# Could I be pregnant??



## Fingerscrossed7

Hi ladies.
I have done 4 failed ivf transfers last year. Monday I had an appt with the consultant who basically said we have tried everything possible and it is now just a case of keep trying as long as I feel necessary. 
AF was due today and I don't know why bcos I have no symptoms but I thought I would test. I have done two tests both of which are showing faint positives. My hands won't stop shaking and I just don't know what to think of this. We are going to get a clearblue to do in the morning but what would you ladies be thinking if you were me?
Is it poss that we have conceived naturally?? 
Also I had started taking evening primrose and omega 3, are these safe for me to continue? 
Should the line be more clear at this point? It was my 3rd wee of the day(been on earlys) does timing really matter??
Thank you for any replies 
Xxxxxxx


----------



## Jam&amp;Cream

*Fingerscrossed*, I'd say a positive is a positive! It may be faint as it's not the first of the morning yes. Massive congratulations to you both  X


----------



## wendycat

A positive is a positive    When was your last treatment?

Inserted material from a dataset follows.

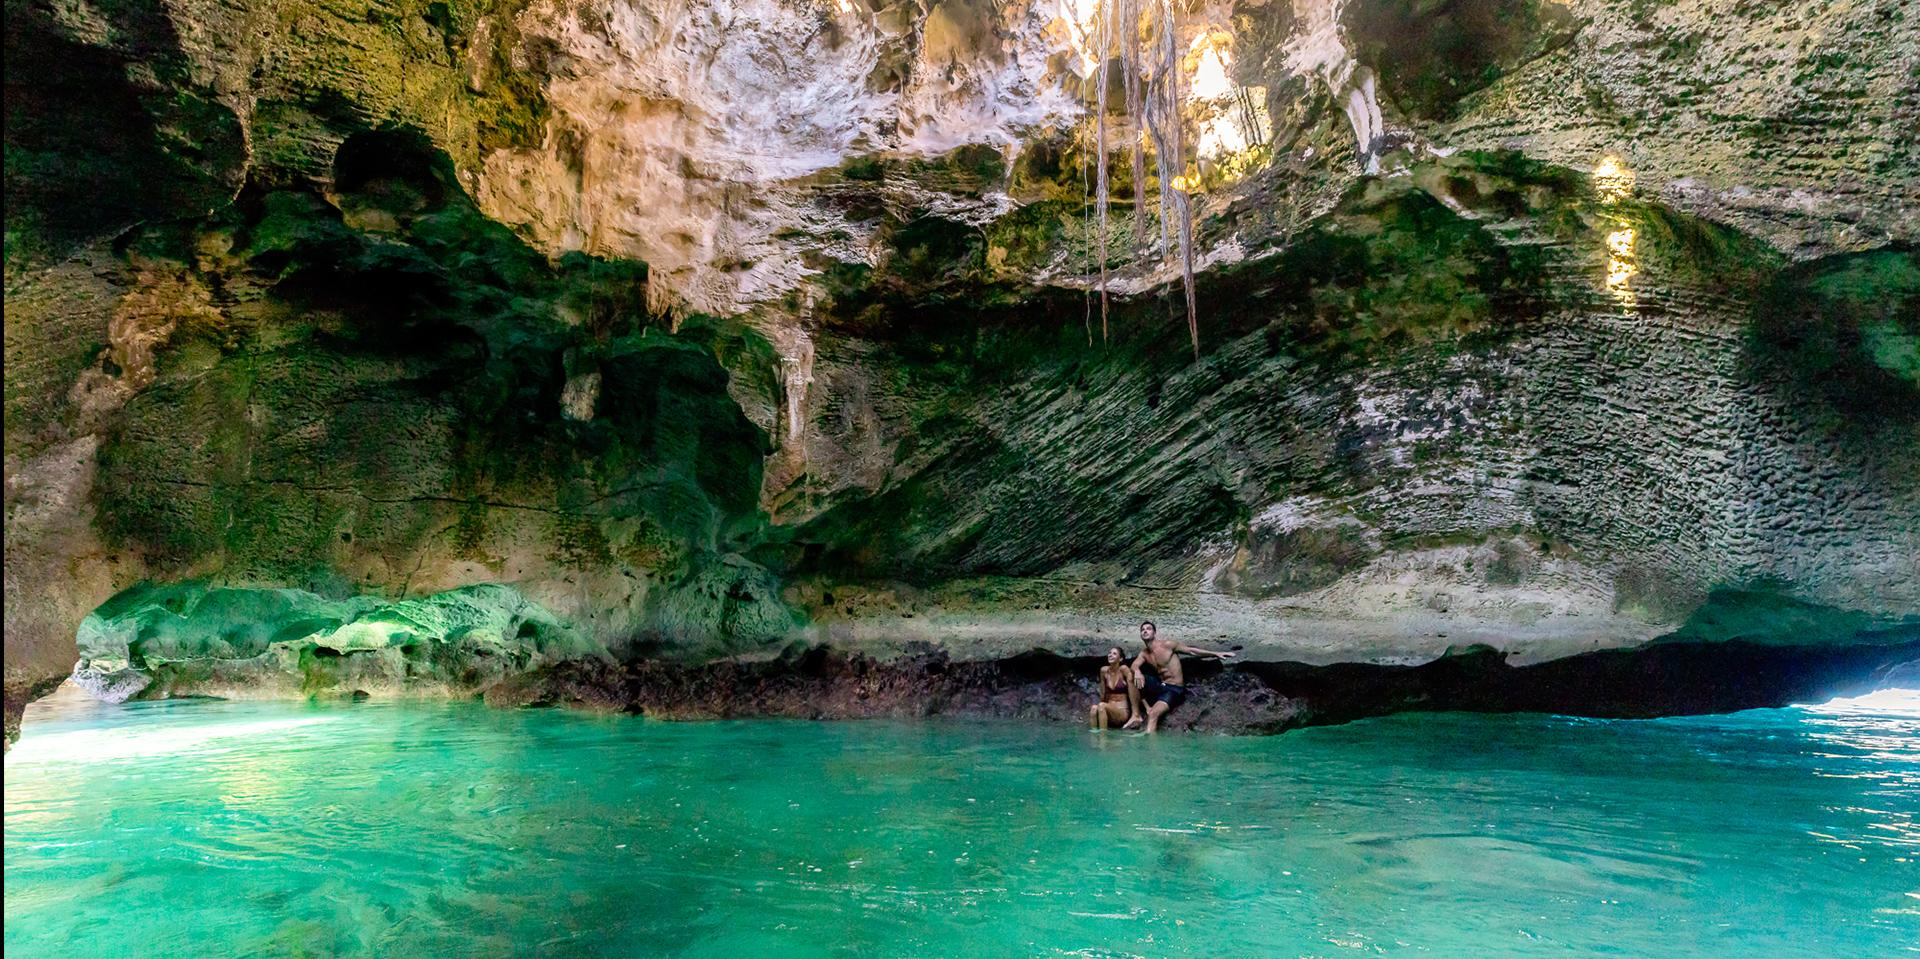 couple inside a beautiful cave

How far along would you be?


Evening primrose should be discontinued whilst pregnant, I think xx


----------



## Fingerscrossed7

Thank you andlou and wendycat. I just can't believe it, I have seen so many BFNs I just didn't think I would ever see any sort of line. 
My last treatment OTD was dec so if this is positive I will only be about 4weeks. I just can't believe it, I am just praying this is our time. I will be roughly 12-14dpo. Does this seem right to be so faint, could this actually be real? 
Xxxxxxx


----------



## wendycat

If your are 12-14 days post ovulation, then yes, it's entirely possible to be properly pregnant with a faint line.  


I take it this positive is not from your last treatment?


Congratulation sx


----------



## Fingerscrossed7

No I had a very heavy period after my last treatment and tests were all negative. I tested Monday aswell and there was no line at all, so if this is the real deal it is a new pregnancy. 
Tomorrow can't come quick enough, should I expect a darker line tomorrow? 
Pleaseeee let this be happening
Xxxxxx


----------



## Teeinparis

Ask for a blood test from GP to get hcg levels.  I have gotten a false positive hpt.


----------



## Sheilaweb

I would definitely do a hpt with the first wee of the day - and also a clearblue will give you a definite answer.....you may also like to think about making an appointment with your gp for a blood test to confirm....I have got EVERYTHINGS crossed for you.
Sheila


----------



## bambibaby12

Fingers crossed - this is exactly what happened to me and I just couldn't believe those lines either. A line is a line however and yes I would safely say you are pregnant which is fabulous news and I'm so so pleased for you!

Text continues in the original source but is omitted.